Его обобщенное имя — Джордж (исключения редки). Во всяком случае, Главную Героиню он просит: «О, зови меня просто Джордж!» Она повинуется, правда, очень робко (она вообще чрезвычайно робка и юна). Он — на вершине блаженства.

Где он работает и чем занимается вообще? Судя по всему, нигде и ничем: у него масса свободного времени. Хотя нет, кое-чем он действительно занят: ищет неприятностей на свою… голову. Цель его жизни — быть обвиненным в преступлении, к которому он не причастен ни сном, ни духом. И если он ухитряется завладеть какой-то вещью убитого Злодеем персонажа, причем сделать это так, чтобы его (не Злодея, конечно, а Героя) можно было хоть сколько-нибудь обоснованно заподозрить в убийстве — значит, жизнь удалась.

Он великий мастер произносить речи, и вообще его ораторское искусство может ввести в дрожь даже самого отважного противника.
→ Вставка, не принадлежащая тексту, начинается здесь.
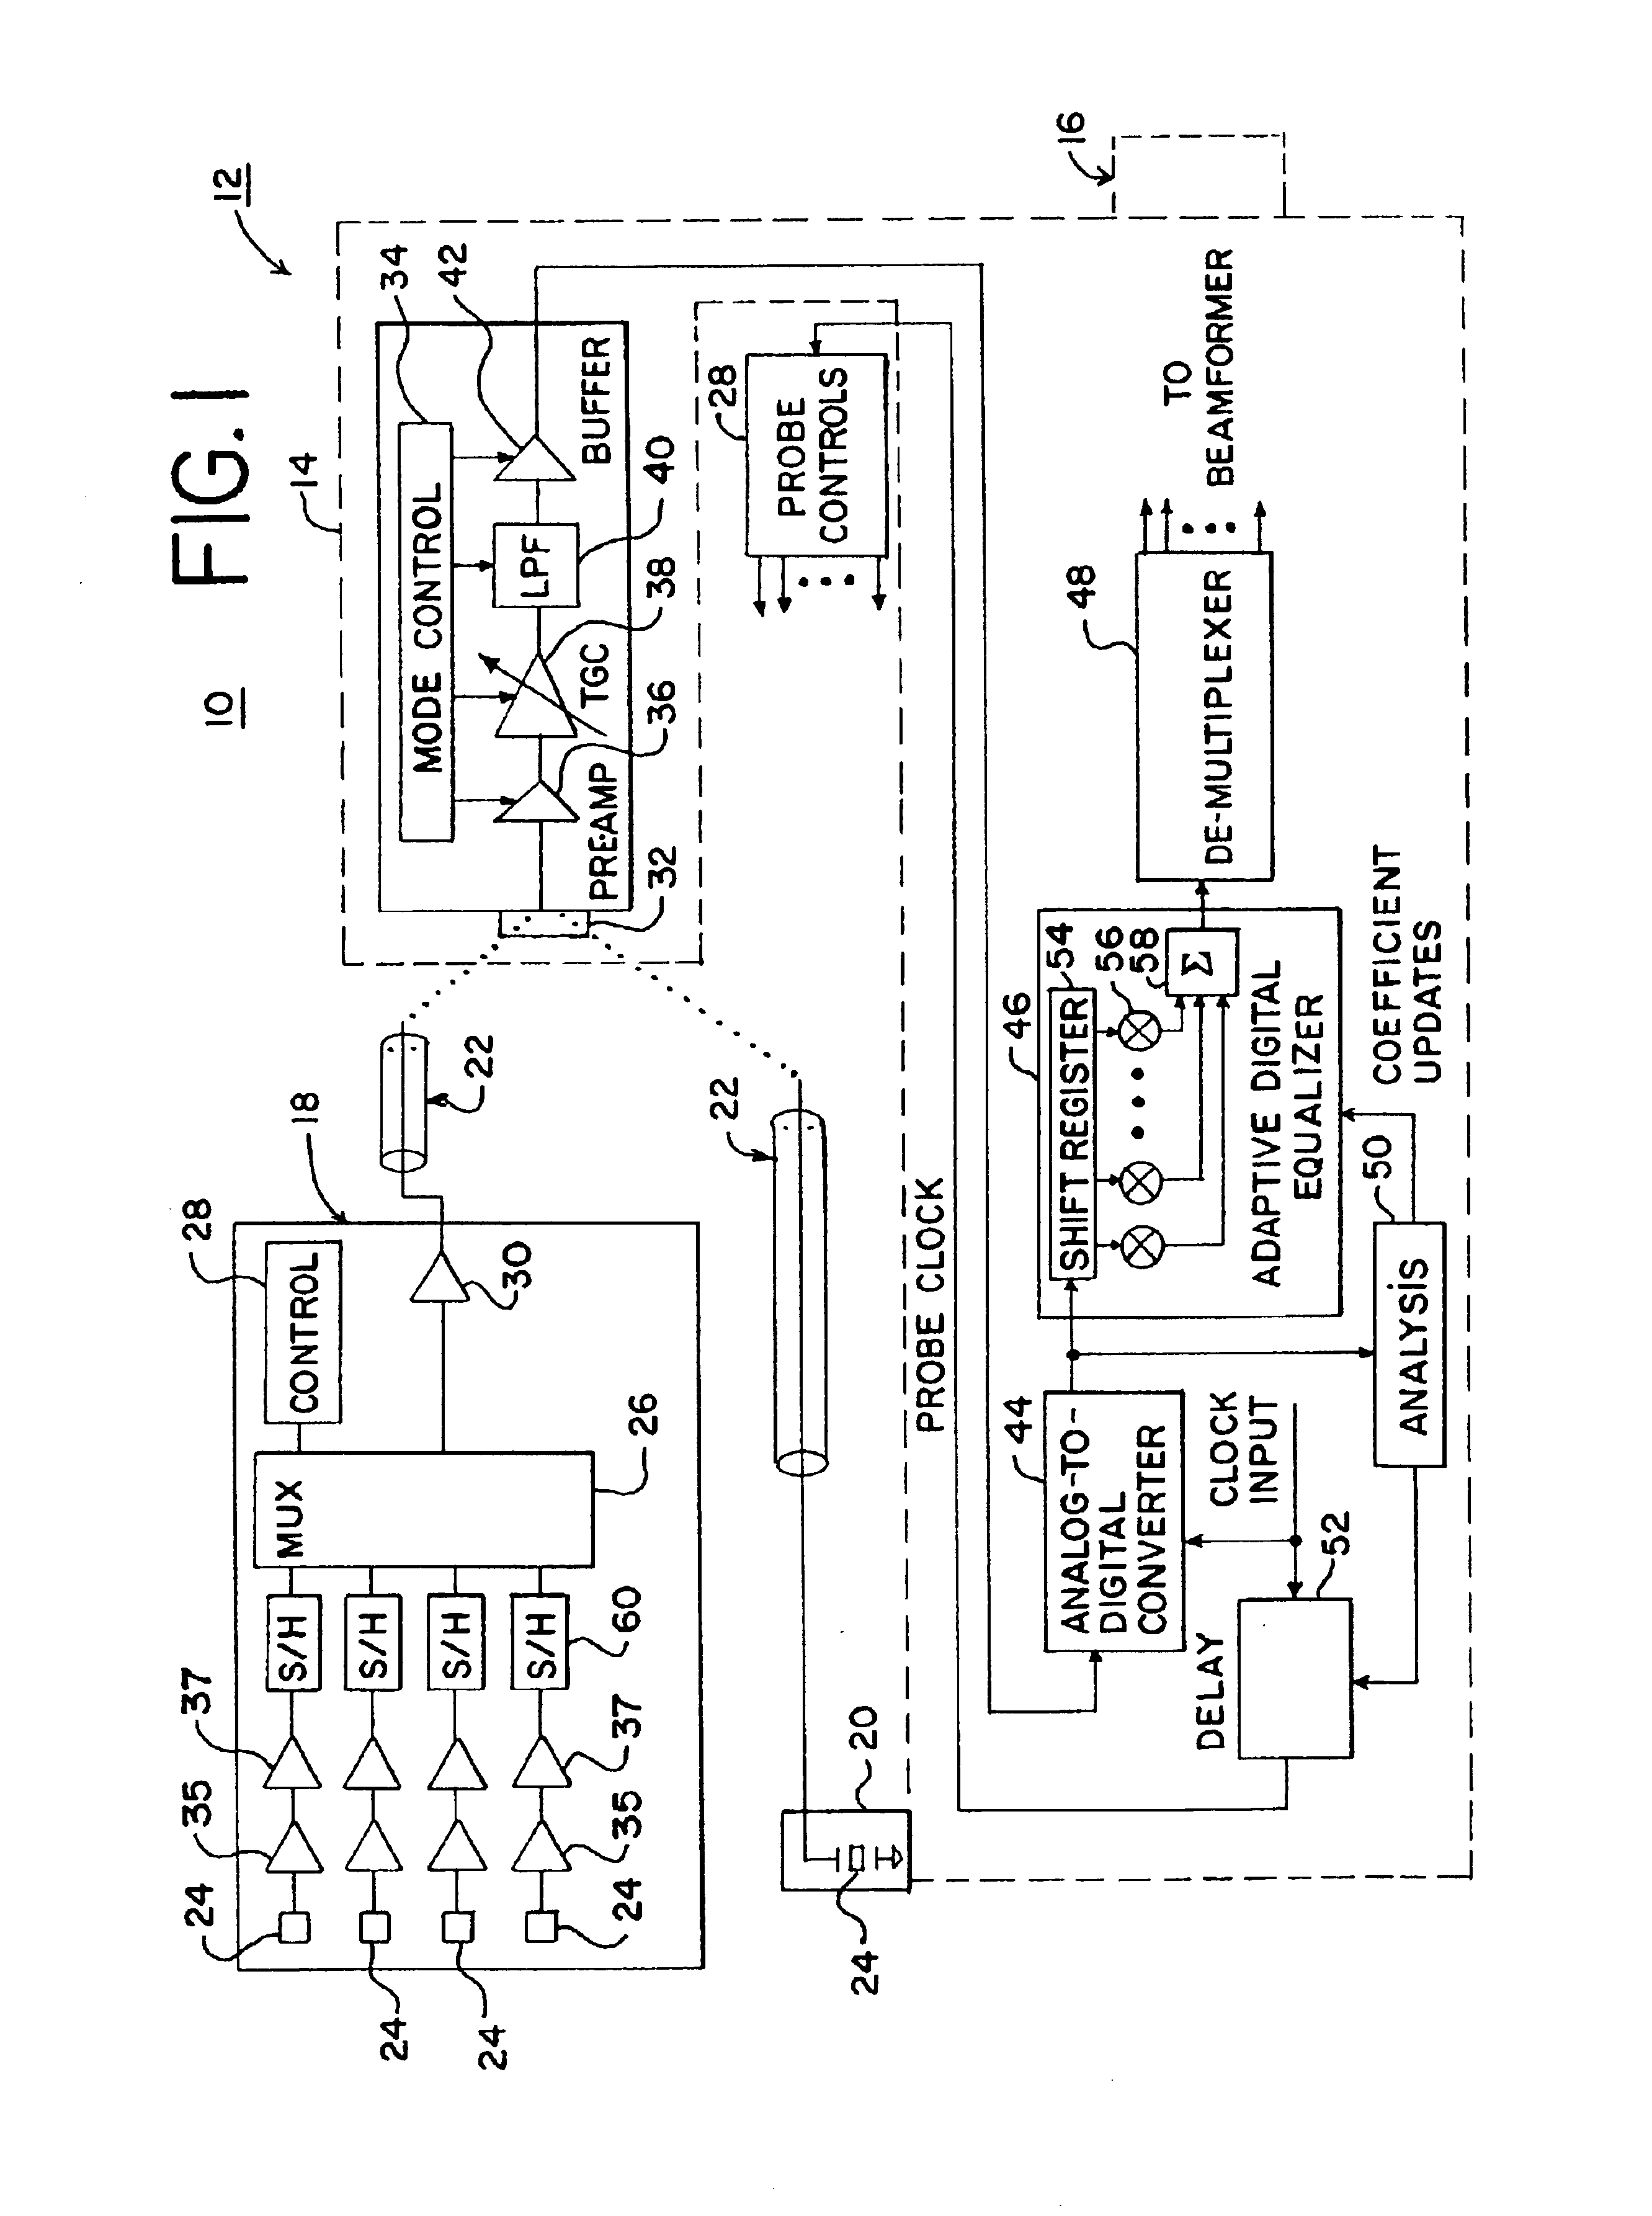 Receive circuit for ultrasound imaging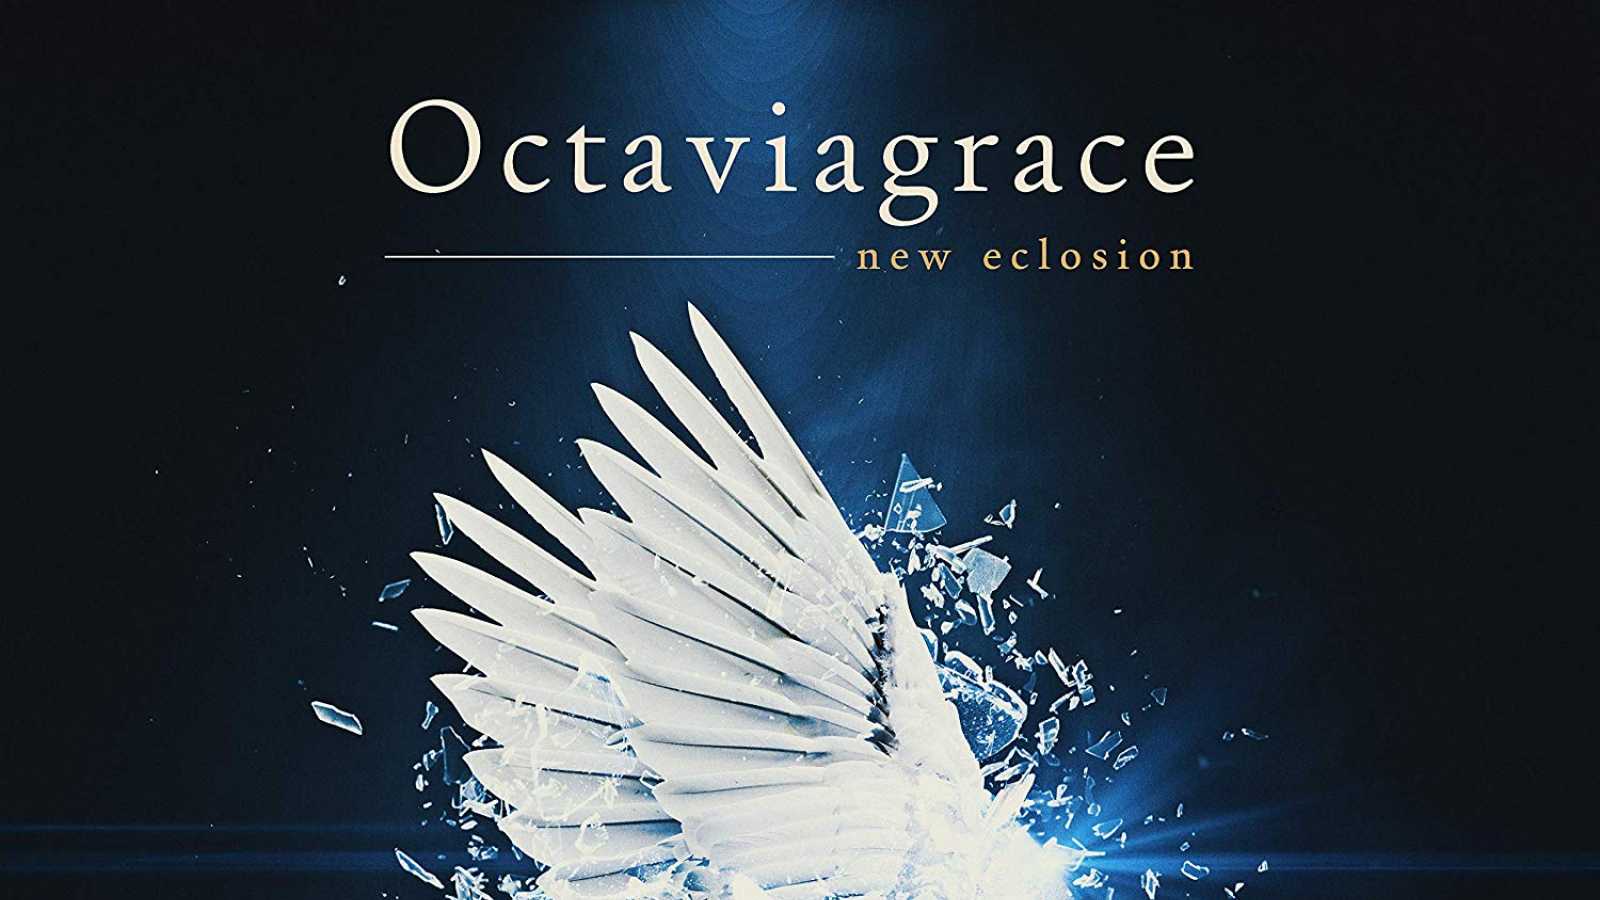 ﻿Octaviagrace - new eclosion © Faith, Inc. All rights reserved.

Во всяком случае, когда Герой читает нотации Злодею — любо-дорого посмотреть, как того бросает в дрожь.

Также Герой непременно обладает тем, что называется «родовая усадьба». Для последней характерен в высшей степени аккуратный садик вокруг — и чрезвычайно эксцентричная архитектура собственно особняка. Впрочем, если говорить об особняке, то мы обычно наблюдаем лишь фасад первого этажа, остальное на сцене не умещается. Зато он утопает в зелени. Настолько, что в этой усадьбе становится тесновато и вообще не слишком удобно. Особенно если учесть, что меж этими зелеными насаждениями постоянно бродят все окрестные жители, включая даже не самых ближних соседей; некоторые из них, кажется, там вообще поселились. Для нормального владельца усадьбы это стало бы по меньшей мере серьезной помехой — а для Героя наоборот: он получает великолепную возможность обратиться ко всей этой публике прямо от входа. Надо заметить, что такие обращения к публике — его любимое времяпрепровождение.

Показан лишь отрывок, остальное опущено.